Hingga siang ini, posisi terlemah rupiah berada di Rp 14.615/US$. Sementara terkuatnya adalah Rp 14.490/US$ yaitu saat pembukaan pasar. 

 

Rupiah bergerak searah dengan mata uang utama Asia yang juga melemah. Namun harus diakui bahwa depresiasi rupiah adalah yang terdalam karena nyaris mencapai 1%. 

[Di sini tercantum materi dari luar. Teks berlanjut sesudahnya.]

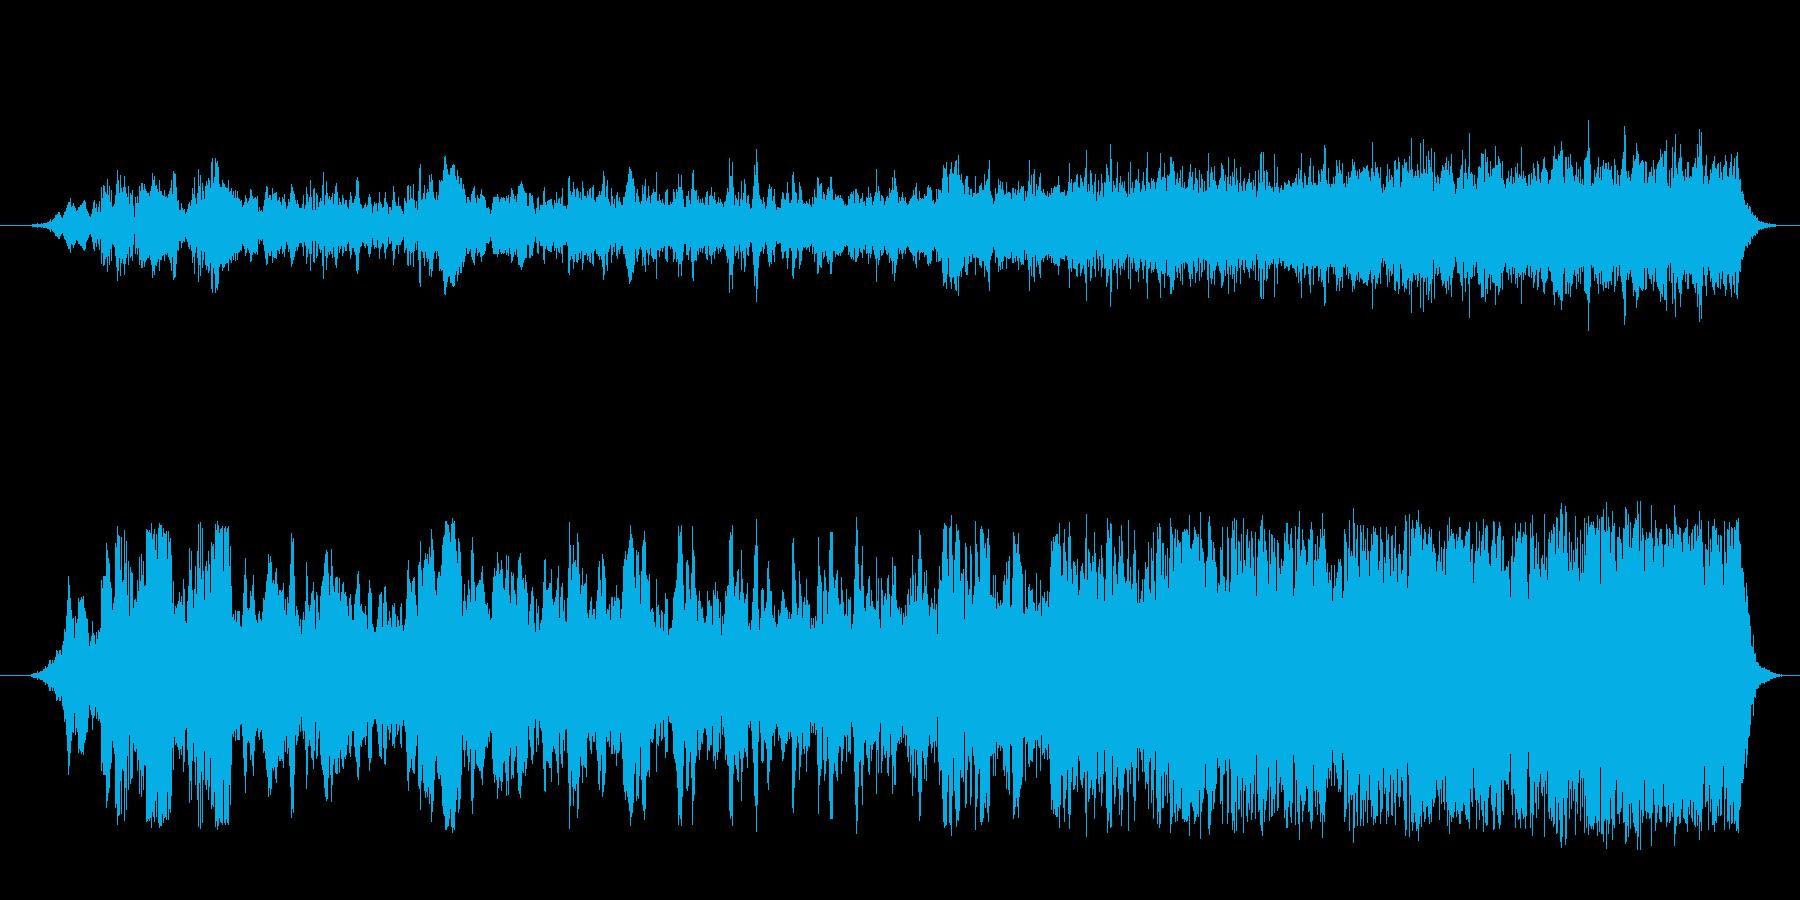 SWELL 位相揺れスウェル03の再生済みの波形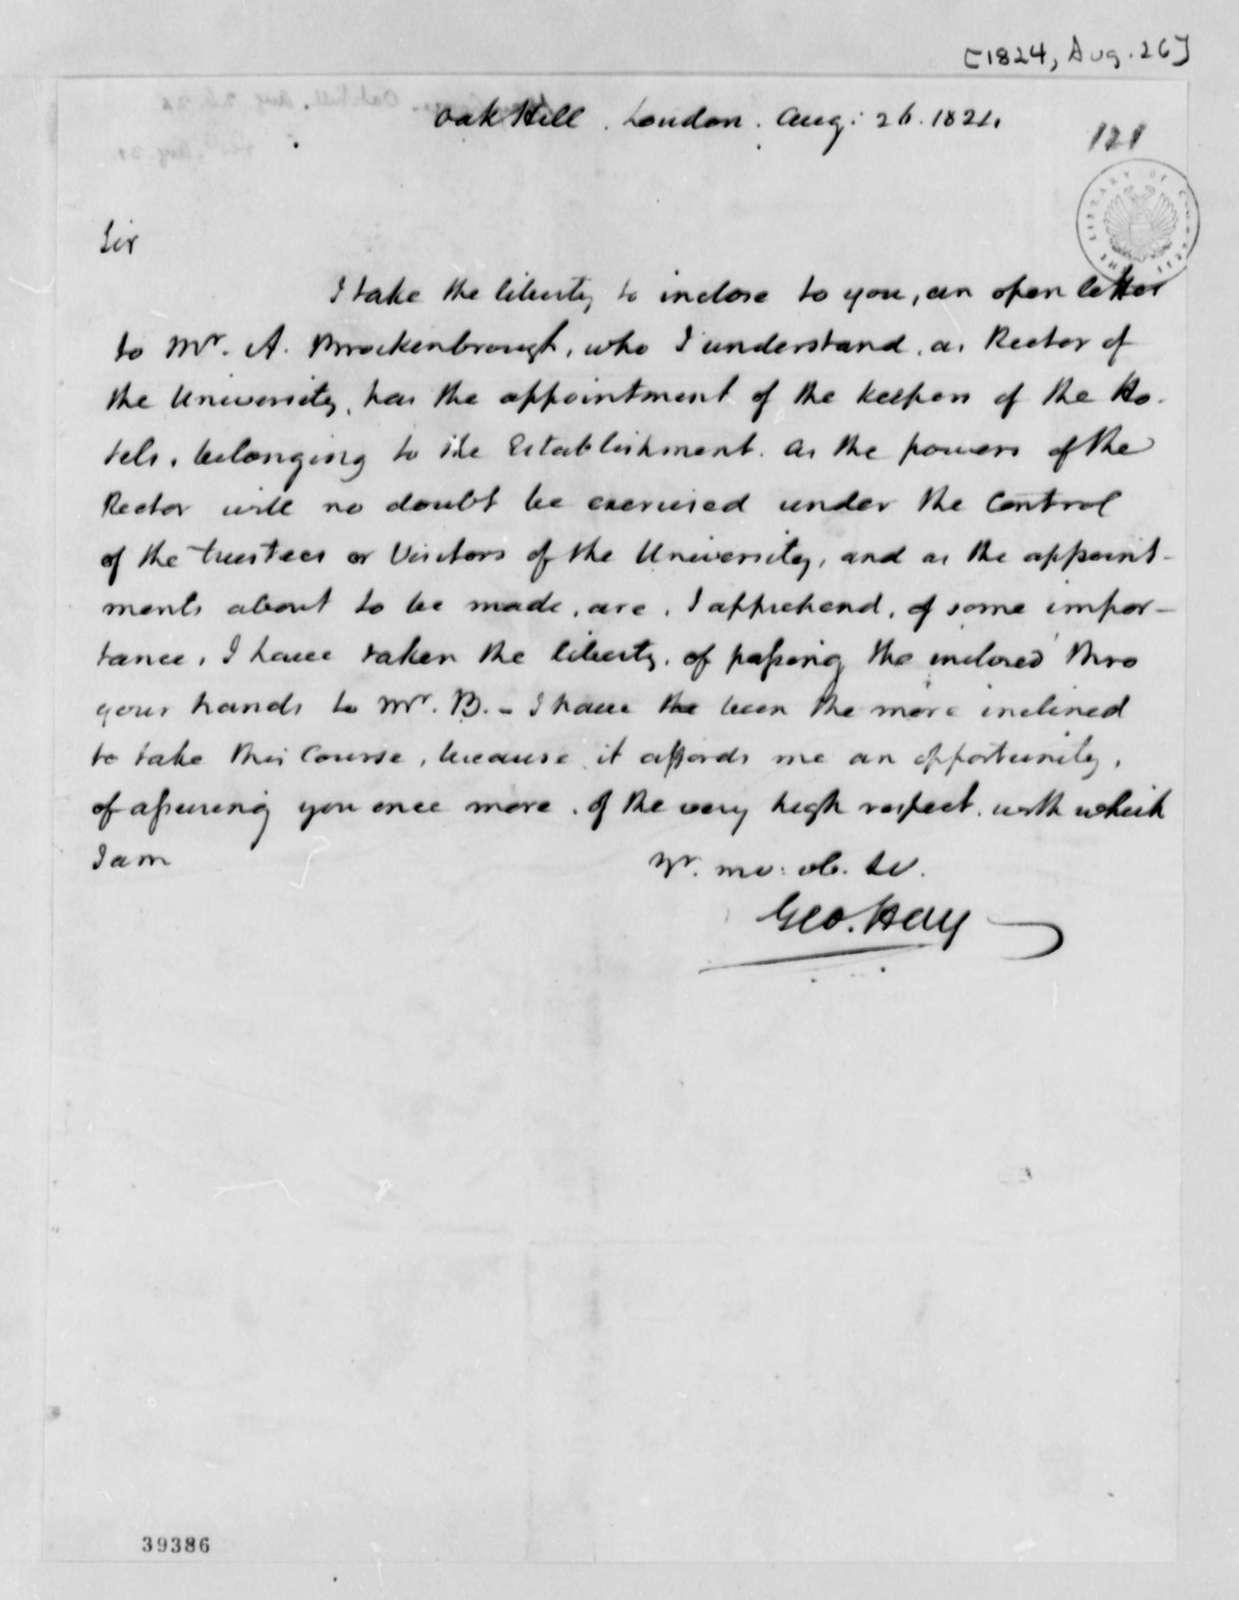 George Hay to Thomas Jefferson, August 26, 1824

Berikut perkembangan nilai tukar beberapa mata uang utama Asia terhadap dolar AS pada pukul 12:12 WIB: 

 

Sejak akhir pekan lalu, pasar keuangan dunia memang 'meleleh'. Mata uang Asia berjatuhan dan dolar AS begitu perkasa.  

Kekuatan dolar AS bertahan hingga saat ini. Pada pukul 12:13 WIB, Dollar Index (yang menggambarkan posisi greenback secara relatif di hadapan enam mata uang utama) masih menguat 0,10%.  

Dengan demikian, Dollar Index sudah menguat 1,15% dalam sepekan terakhir. Sementara dalam sebulan terakhir, kenaikannya mencapai 1,8% dan sejak awal tahun mencapai 4,7%.

 

Investor tengah dibuat defensif menyikapi perkembangan terbaru, utamanya dari Turki. Pelaku pasar semakin mencemaskan nilai tukar lira Turki yang terus melemah.

Pada pukul 12:18 WIB, lira melemah 2,08% terhadap dolar AS. Sebenarnya agak membaik karena akhir pekan lalu depresiasinya mencapai 15,97%. 

Ketika lira terus melemah, dikhawatirkan utang luar negeri perusahaan-perusahaan di Turki membengkak. Dalam satu titik, potensi gagal bayar (default) massal tidak bisa diabaikan. 

Jika default itu terjadi, maka dampaknya bisa meluas. Sebab, perusahaan-perusahaan asal Turki banyak meminjam uang di bank luar negeri.  

Data dari Bank for Internasional Settlements (BIS) menunjukkan, perbankan di Spanyol meminjamkan US$ 83,3 miliar kepada perusahaan Turki. Sementara perbankan Prancis mengutangi US$ 38,4 miliar, Italia US$ 17 miliar, dan Inggris US$ 19,2 miliar. 

Tidak hanya di Eropa, bank-bank AS dan Jepang juga banyak meminjamkan uang ke perusahaan di Turki. Utang perusahaan Turki di perbankan AS mencapai US$ 18 miliar dan di Jepang US$ 14 miliar. 

Oleh karena itu, pasar mencemaskan akan terjadi efek penularan (contagion effect) terhadap sistem keuangan global. Risiko ini yang kemudian membuat investor memasang mode risk-off, ogah mengambil risiko. 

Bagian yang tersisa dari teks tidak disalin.